Re-OCRing is improving the quality of the newspaper clearly and consistently. The average improvement for the whole period of 30 years is 15.3% units. The largest improvement is 20.5% units, and the smallest 12% units. Although the usage of morphological recognition is no guarantee of the rightness of the result, these big improvements in recognition rate are a clear indication of quality improvement.

4. Conclusion

We have described in this paper generally our Optical Character Recognition GT sample for Finnish historical newspapers and journals. The data consists of 479 pages and 471,903 parallel words. It has been used in development and evaluation of a new OCRing process for our collection’s Finnish Fraktur font part using Tesseract’s open source OCR engine v. 3.04.01. According to our evaluation results, we can achieve a clear improvement on the OCR quality with Tesseract in the 500K GT data (Koistinen et al., 2017, 2018). All our analyses show that the re-OCR procedure works relatively well: it does not shorten or lengthen words significantly and it reduces the number of word types in Tesseract OCR in comparison to current OCR. Recognition of the produced words by morphological analyzers is improved with 9% units and P/R figures of the correction effect of the re-OCR are satisfactory. 89% of the corrections made to the words are corrections of 1–3 characters.

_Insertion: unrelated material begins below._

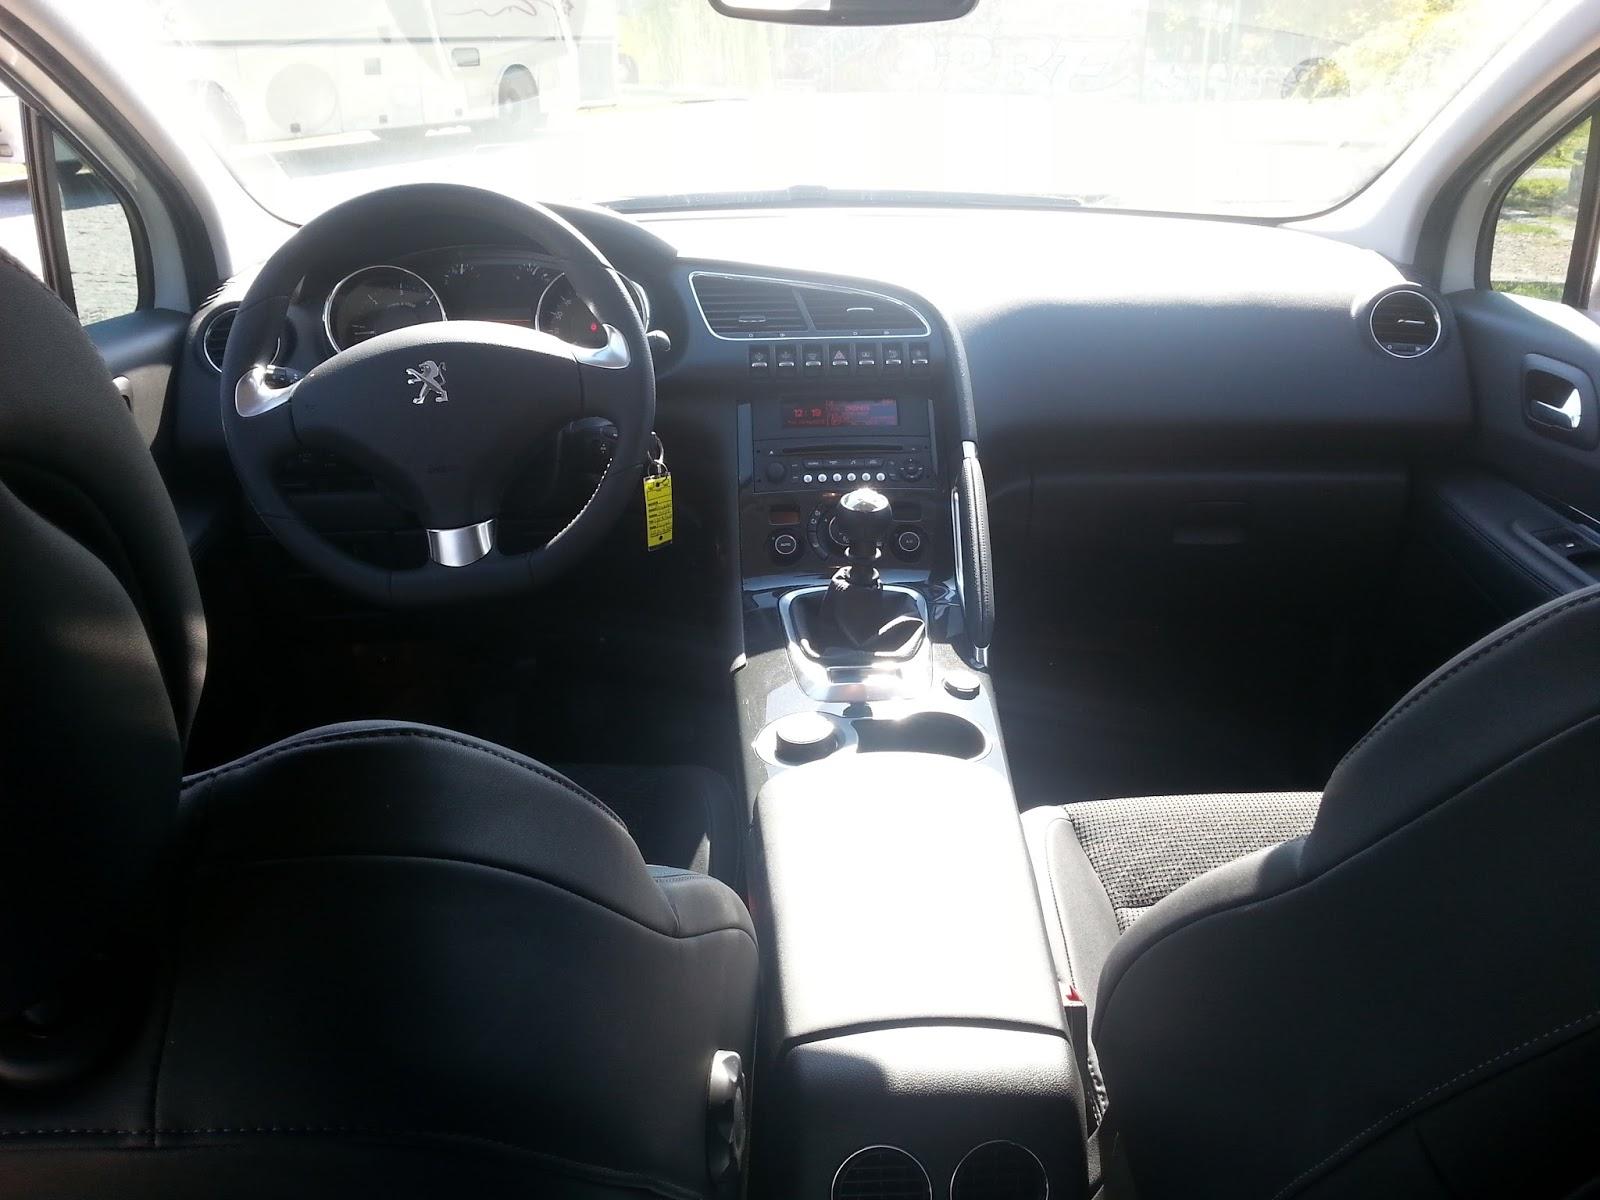 interior Γιατί το Peugeot 3008 είναι σαν τον σούπερμαν

The GT data has been created as a tool for quality control of the re-OCRing process. We have published the word lists, ALTO XML and image files of the data on our web site digi.kansalliskirjasto.fi/opendata as open data. We have earlier published the text files of the collection’s 1771–1910 part (Pääkkönen, Kervinen, Nivala, Kettunen, & Mäkelä, 2016) with metadata, ALTO XML and plain text. Publication of the GT data benefits those, who work on OCRing historical Finnish or who develop postcorrection algorithms for OCRing. Also development work of general OCR tools such as Transkribus14 may benefit from the data. Earlier we have given the GT data for research use on demand, and it has been used in training of Ocropy OCR engine for the historical data (Drobac et al., 2017).

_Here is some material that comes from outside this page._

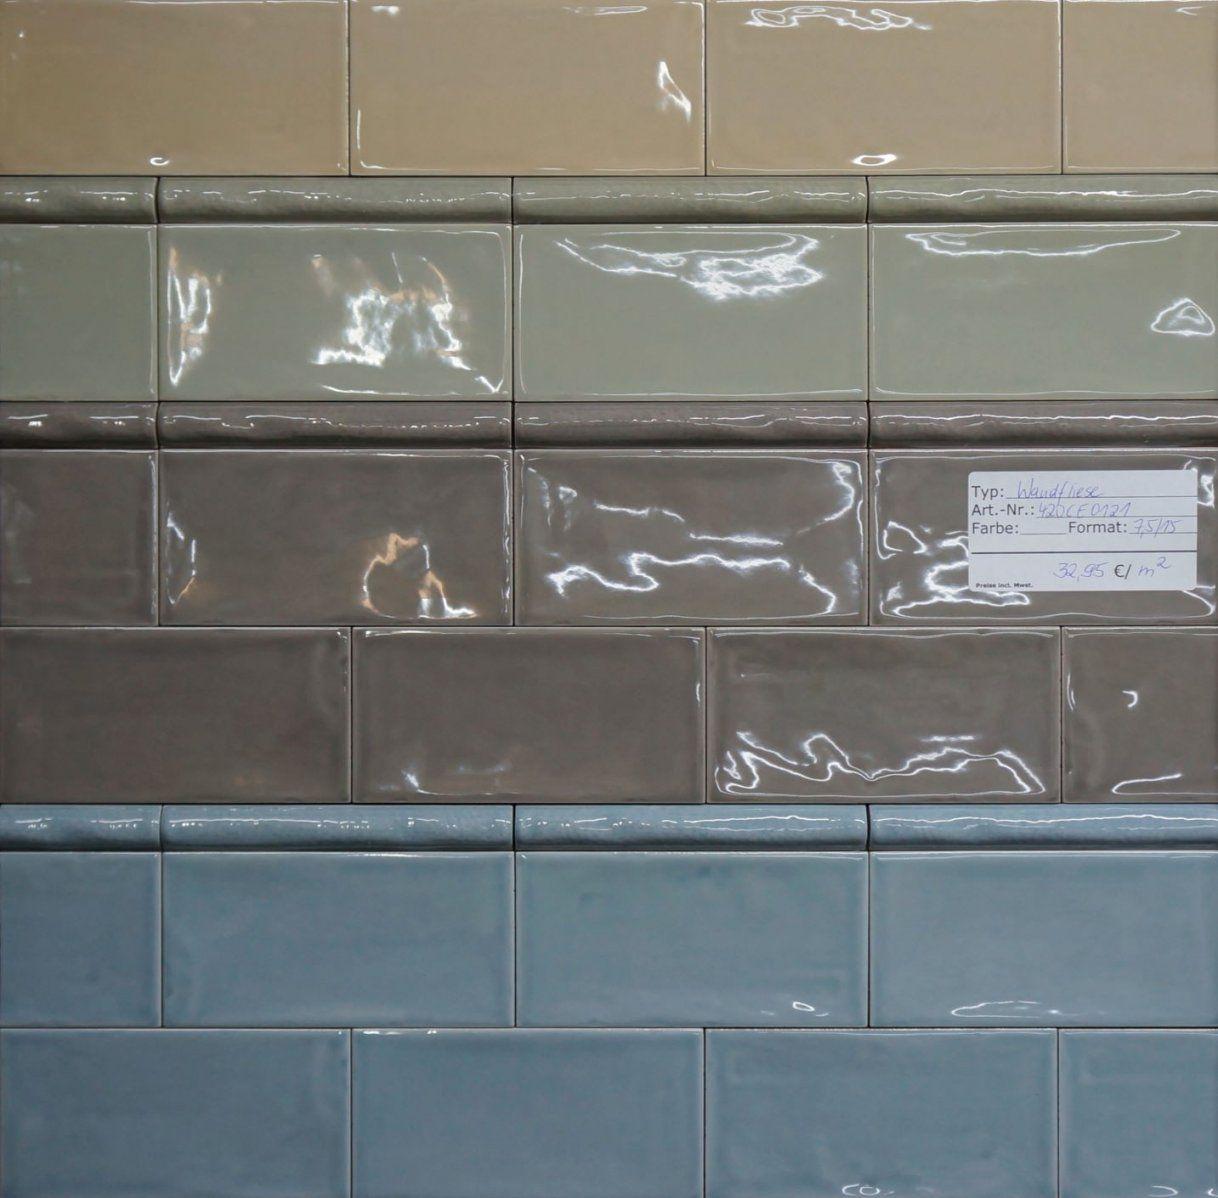 Metro Fliesen 7 5×15 Iu67 – Hitoiro von Metro Fliesen 7 5X15 Photo

The old saying in computational linguistics is that more data is better data, and that applies in the case of OCR data too. It would have been nice to have an even larger OCR GT data set, but with regards to resources at use, we are contented with the now available data. The data adds a useful resource for repertoire of somehow under-resourced collections of 19th century Finnish. We hope the data has use also outside of OCR and postcorrection field for those who work in the digital humanities.